Venovenous extracorporeal membrane oxygenation support in patients with COVID-19 respiratory failure: A multicenter study

Navin G Vigneshwar; Muhammad F Masood; Ivana Vasic; Martin Krause; Karsten Bartels; Mark T Lucas; Michael Bronsert; Craig H Selzman; Shaun Thompson; Jessica Y Rove; Thomas B Reece; Joseph C Cleveland; Jay D Pal; David A Fullerton; Muhammad Aftab

doi:10.1016/j.xjon.2022.08.007

Venovenous extracorporeal membrane oxygenation support in patients with COVID-19 respiratory failure: A multicenter study

JTCVS Open. 2022 Dec:12:211-220. doi: 10.1016/j.xjon.2022.08.007. Epub 2022 Sep 8.

Authors

Affiliations

¹ Division of Cardiothoracic Surgery, Department of Surgery, University of Colorado School of Medicine, Anschutz Medical Campus, Aurora, Colo.
² Division of Cardiothoracic Surgery, Washington University School of Medicine, Barnes-Jewish Hospital, St Louis, Mo.
³ University of Colorado School of Medicine, Anschutz Medical Campus, Aurora, Colo.
⁴ Department of Anesthesiology, University of San Diego, San Diego, Calif.
⁵ Division of Critical Care, Department of Anesthesiology, University of Nebraska Medical Center, Omaha, Neb.
⁶ Colorado Health Outcomes Program, University of Colorado School of Medicine, Anschutz Medical Campus, Aurora, Colo.
⁷ Division of Cardiothoracic Surgery, Department of Surgery, University of Utah Health, Salt Lake City, Utah.

Abstract

Objective: The COVID-19 pandemic presents a high mortality rate amongst patients who develop severe acute respiratory distress syndrome (ARDS). The purpose of this study was to evaluate the outcomes of venovenous extracorporeal membrane oxygenation (VV-ECMO) in COVID-19-related ARDS and identify the patients who benefit the most from this procedure.

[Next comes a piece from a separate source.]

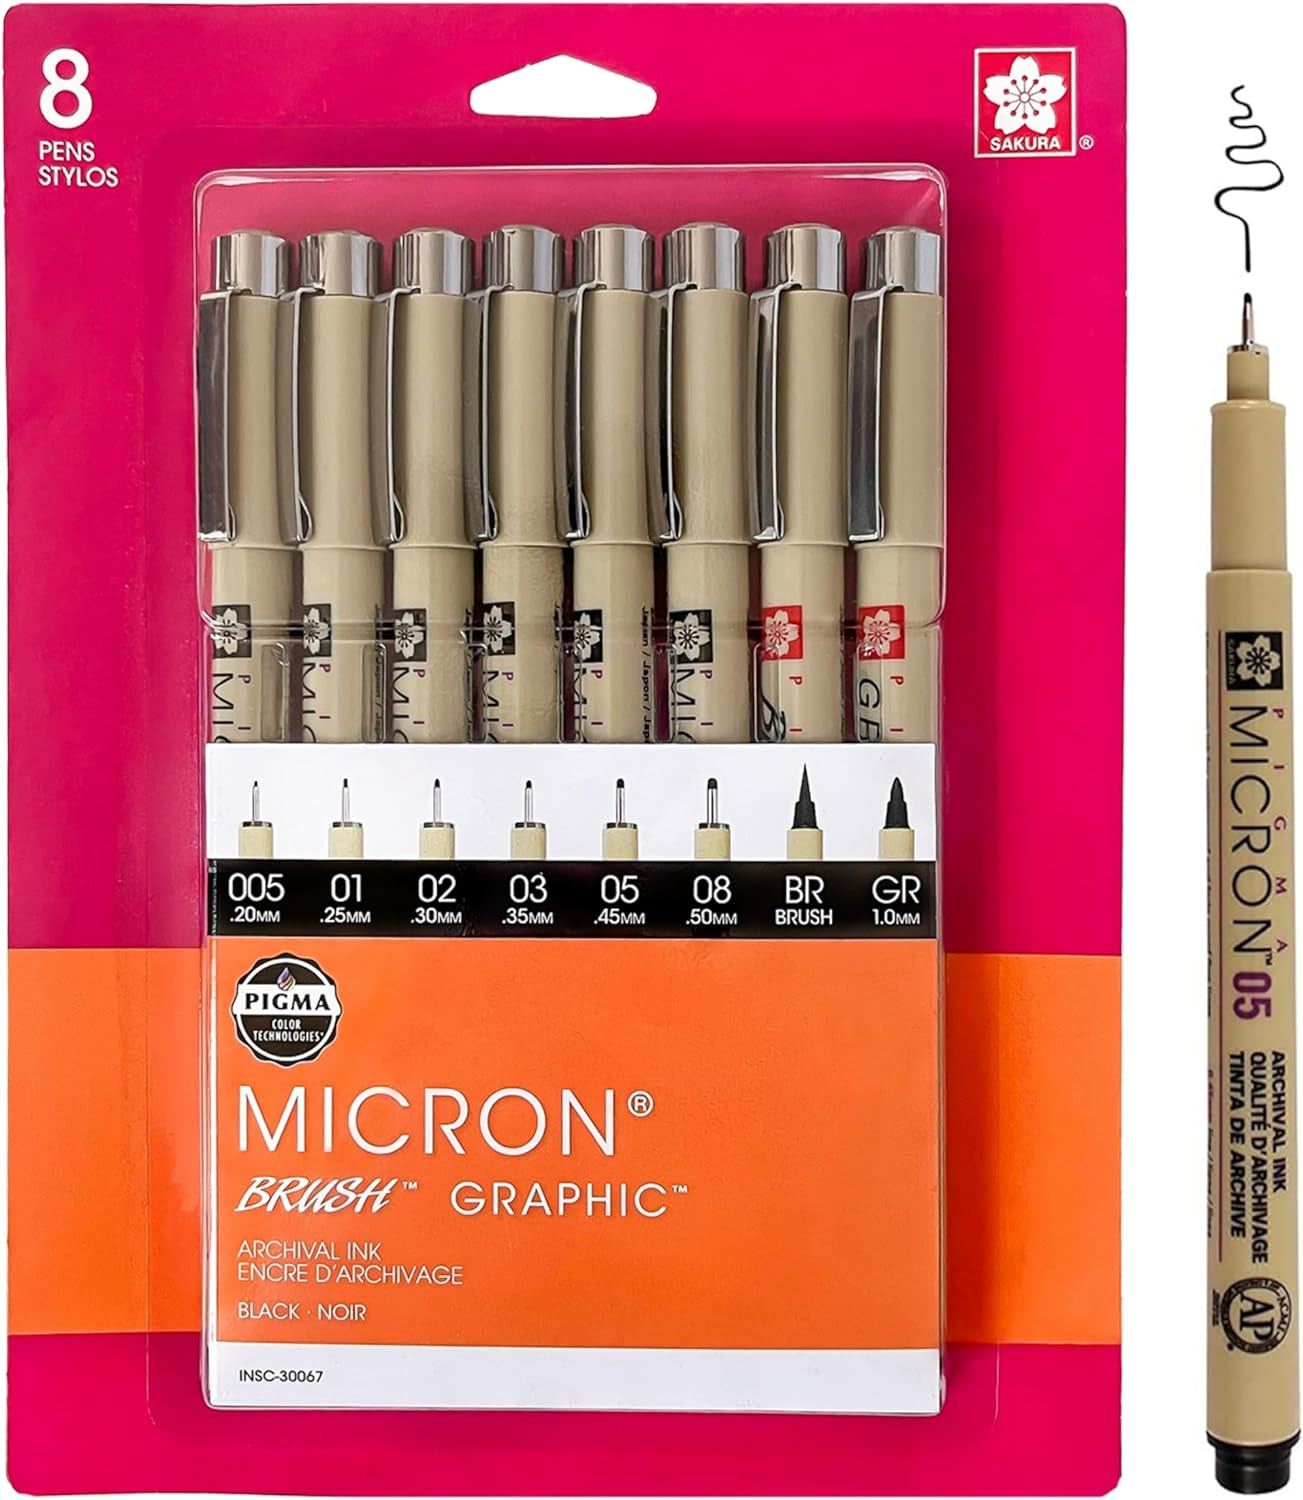 Pigma Micron Fineliner Pens - Archival Black Ink Pens - Pens for Writing, Drawing, or Journaling - Assorted Point Sizes - 8 Pack

Methods: Adult patients with COVID-19 and severe ARDS requiring VV-ECMO support at 4 academic institutions between March and October 2020 were included. Data were collected through retrospective chart reviews. Bivariate and multivariable analyses were performed with the primary outcome of in-hospital mortality.

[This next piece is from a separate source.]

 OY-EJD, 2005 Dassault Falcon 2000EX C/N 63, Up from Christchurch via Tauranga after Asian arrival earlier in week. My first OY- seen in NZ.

Results: Fifty-one consecutive patients underwent VV-ECMO with a mean age of 50.4 years; 64.7% were men. Survival to hospital discharge was 62.8%. Median intensive care unit and hospitalization duration were 27.4 days (interquartile range [IQR], 17-37 days) and 34.5 days (IQR, 23-43 days), respectively. Survivors and nonsurvivors had a median ECMO cannulation time of 11 days (IQR, 8-18) and 17 days (IQR, 12-25 days). The average postdecannulation length of stay was 17.5 days (IQR, 12.4-25 days) for survivors and 0 days for nonsurvivors (IQR, 0-6 days). Only 1 nonsurvivor was able to be decannulated. Clinical characteristics associated with mortality between nonsurviors and survivors included increasing age (P = .0048), hemorrhagic stroke (P = .0014), and postoperative dialysis (P = .0013) were associated with mortality in a bivariate model and retained statistical significance in a multivariable model.

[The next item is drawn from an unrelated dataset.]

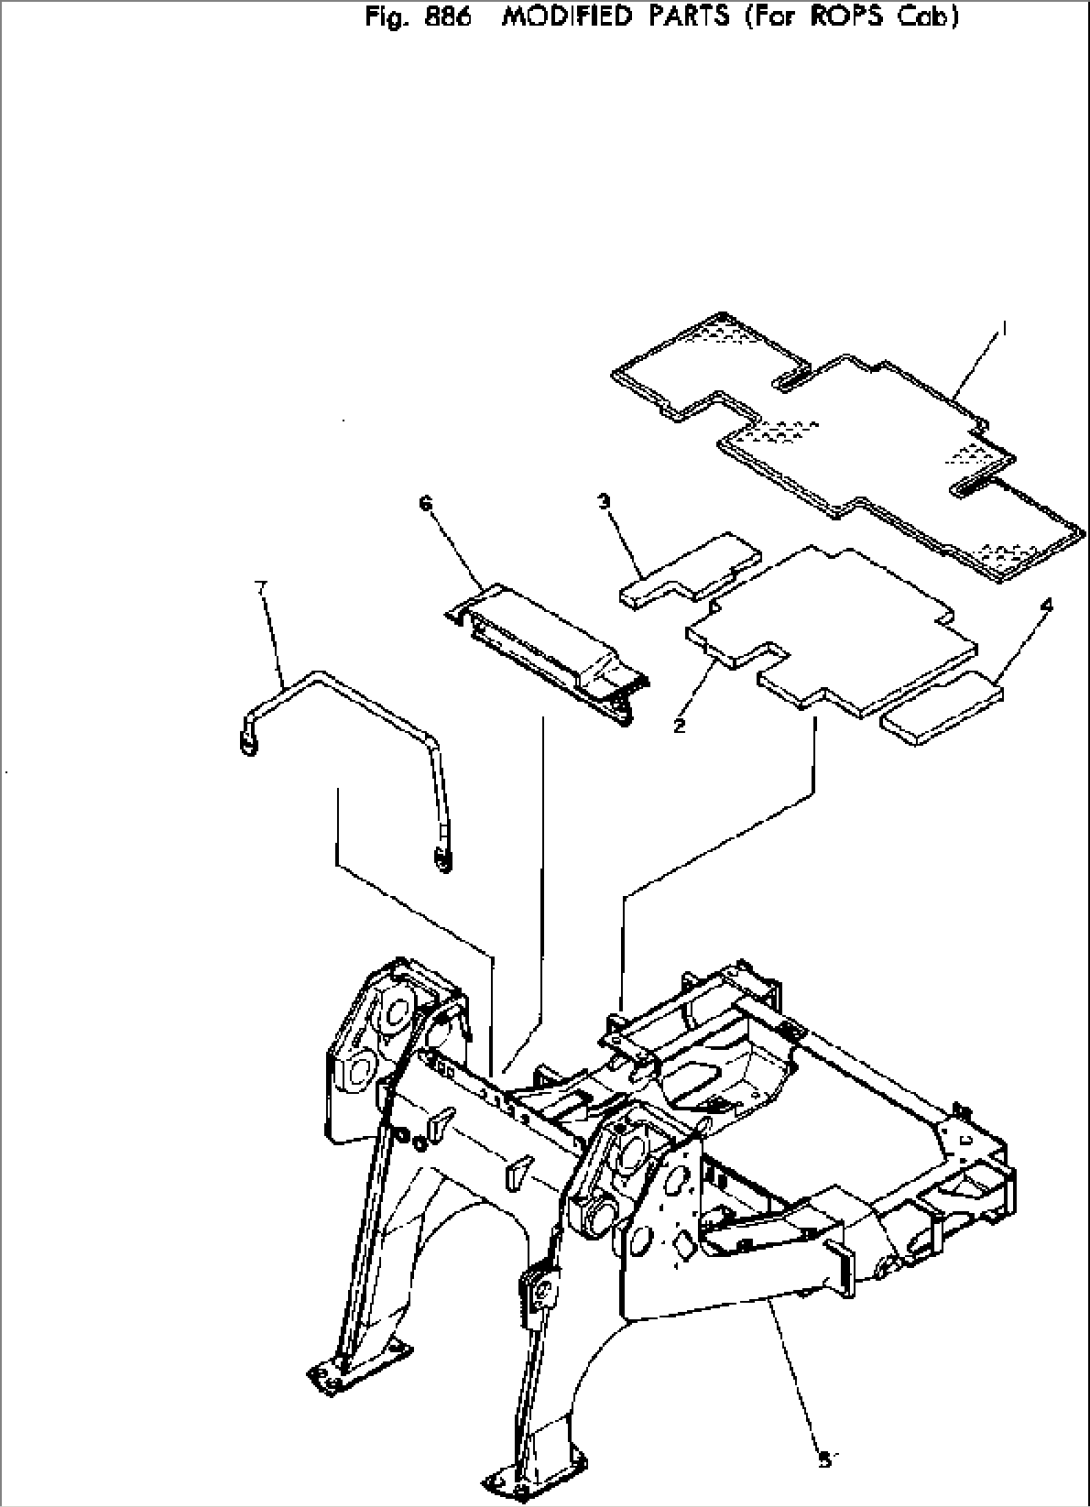 MODIFIED PARTS (FOR ROPS CAB)

Conclusions: This multicenter study confirms the effectiveness of VV-ECMO in selected critically ill patients with COVID-19-related severe ARDS. The survival of these patients is comparable to non-COVID-19-related ARDS.

Keywords: ARDS, acute respiratory distress syndrome; COVID-19 infection; ELSO, Extracorporeal Life Support Organization; EOLIA, ECMO to Rescue Lung Injury in Severe ARDS; VV-ECMO; VV-ECMO, venovenous extracorporeal membrane oxygenation; mechanical support; proBNP, B-type natriuretic peptide; respiratory failure; severe ARDS.